Oracle VM…

 

Currently listening to a talk by Wim Coekaerts on Oracle VM. Just a few points of interest:

  • Oracle VM installs directly on the empty hardware, not onto an existing full Linux host install. There is a very small Linux footprint, like the enterprise Xen system and similar to the top of the range VMware stuff.
  • You can run the whole of it on a single box, but you only have a command line interface to configure the VMs. If you want the GUI manager you need to run a separate machine with some Oracle software installed on it (OC4J etc).
  • It’s all open source and free, provided you don’t want support. If you want support you need to pay.
  • Some benchmarks substantially out perform the top of the range VMware stuff, but these are probably never going to get published.
  • It’s going to be available on Wednesday.
  • It sounds cool. 🙂

Cheers

Tim…

Author: Tim...

DBA, Developer, Author, Trainer.

5 thoughts on “Oracle VM…”

  1. This is a big announcement from Oracle and they will be catching up to VMware. Oracle VM lacks the advanced features of Vmware like DRS, HA etc. Will need to see how this pans out over a period of time.

  2. Not Zen, Xen!

    This will be interesting to watch, certainly… To me the big open questions will be how well it hosts non-Linux OS’s (i.e. Windows) and how well they can enable things like migration for VMWare VMs. It’s early enough in the day that VMWare doesn’t have big vendor lock-in in the datacenter. Customers already using other Oracle technologies are bound to at least give this a look.

  3. Hi.

    Whoops. Sorry, I corrected it. 🙂

    At the moment it doesn’t run Windows as well as Linux. I does work, but not a fast as Linux. At the start of next year some libraries are being released to sort this, allegedly.

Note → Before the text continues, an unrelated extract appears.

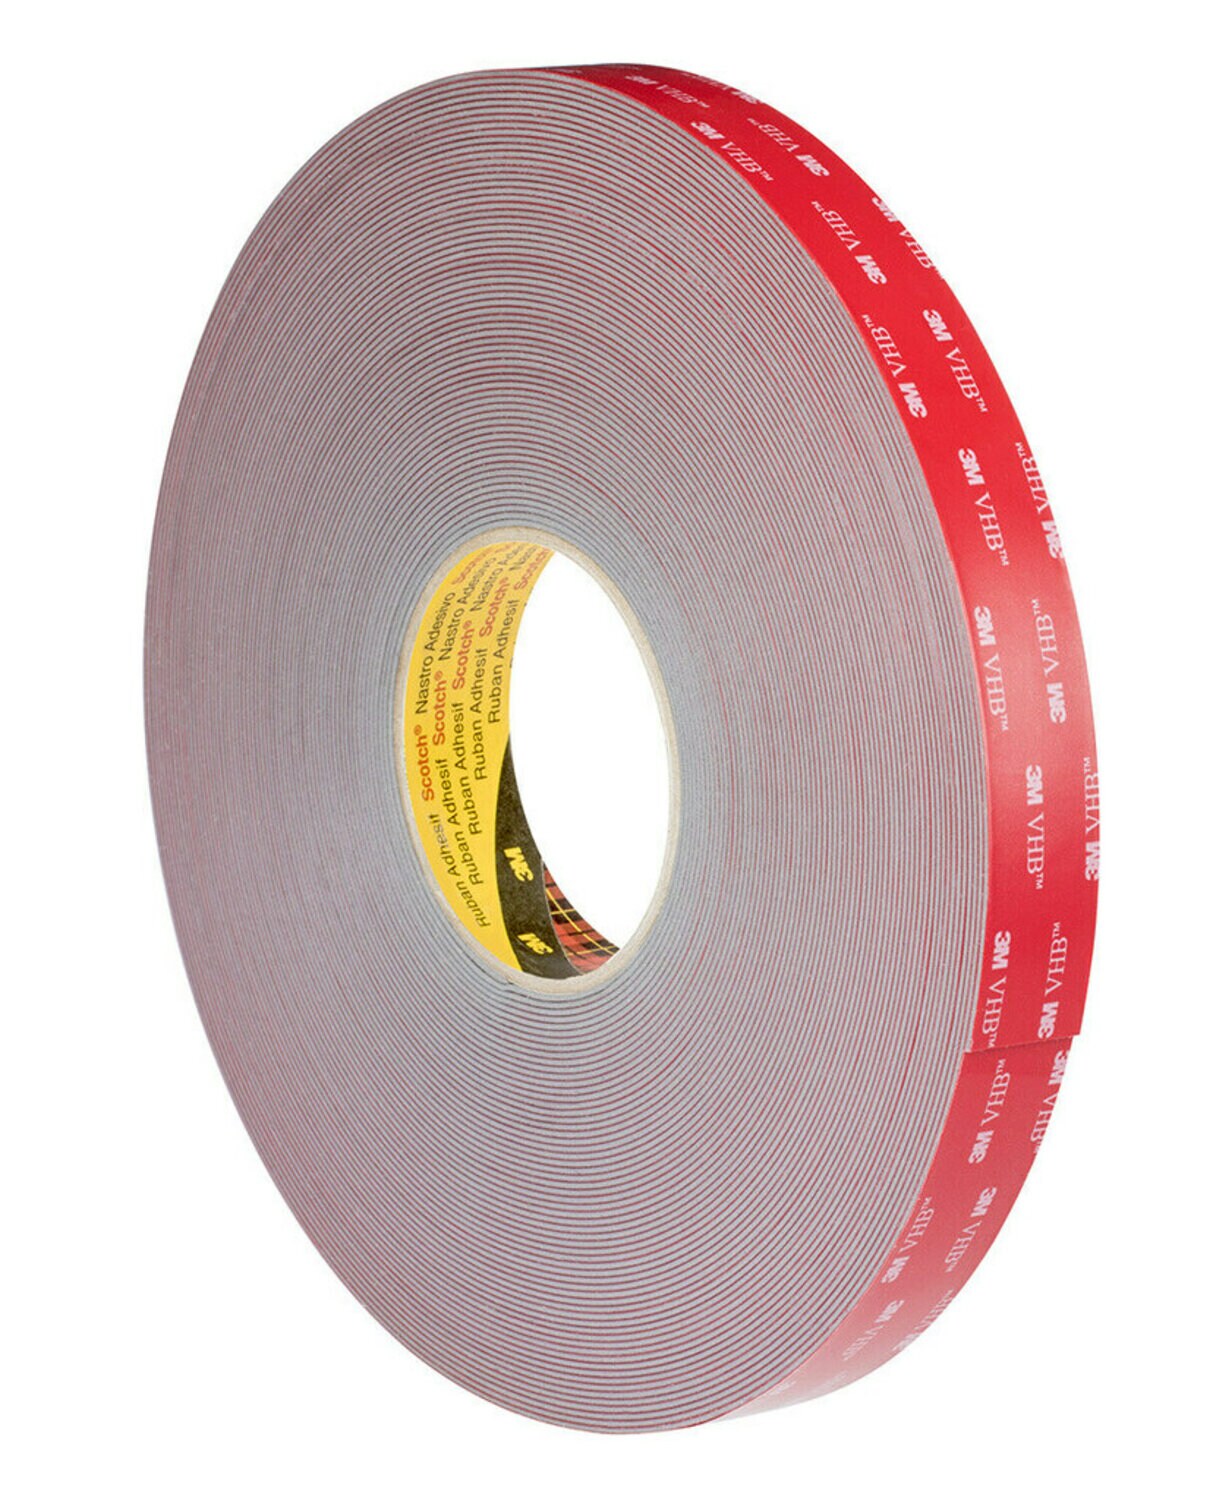 7100171934 - 3M VHB Tape GPH-110GF, Gray, 1/2 in x 36 yd, 45 mil, Film Liner, 18
rolls per case

    VMware ESX images can be converted using qemu-img on the Oracle VM cd. This has bee around for some time to do convert VMware images to Xen.

    Cheers

    Tim…

  4. Dear Tim,

    I was wondering for some Oracle stuff. I found ur blog in the run. Well everybody is talking about Oracle VM and I even don’t what VM is all about; leave Oracle VM aside. Can you explain it………….

  5. Hi.

    VM is short for Virtual Machine. What this means is you can take a single big server, and partition it up to act like several smaller servers. This can result in substantial cost and power savings compared to running lots of little servers.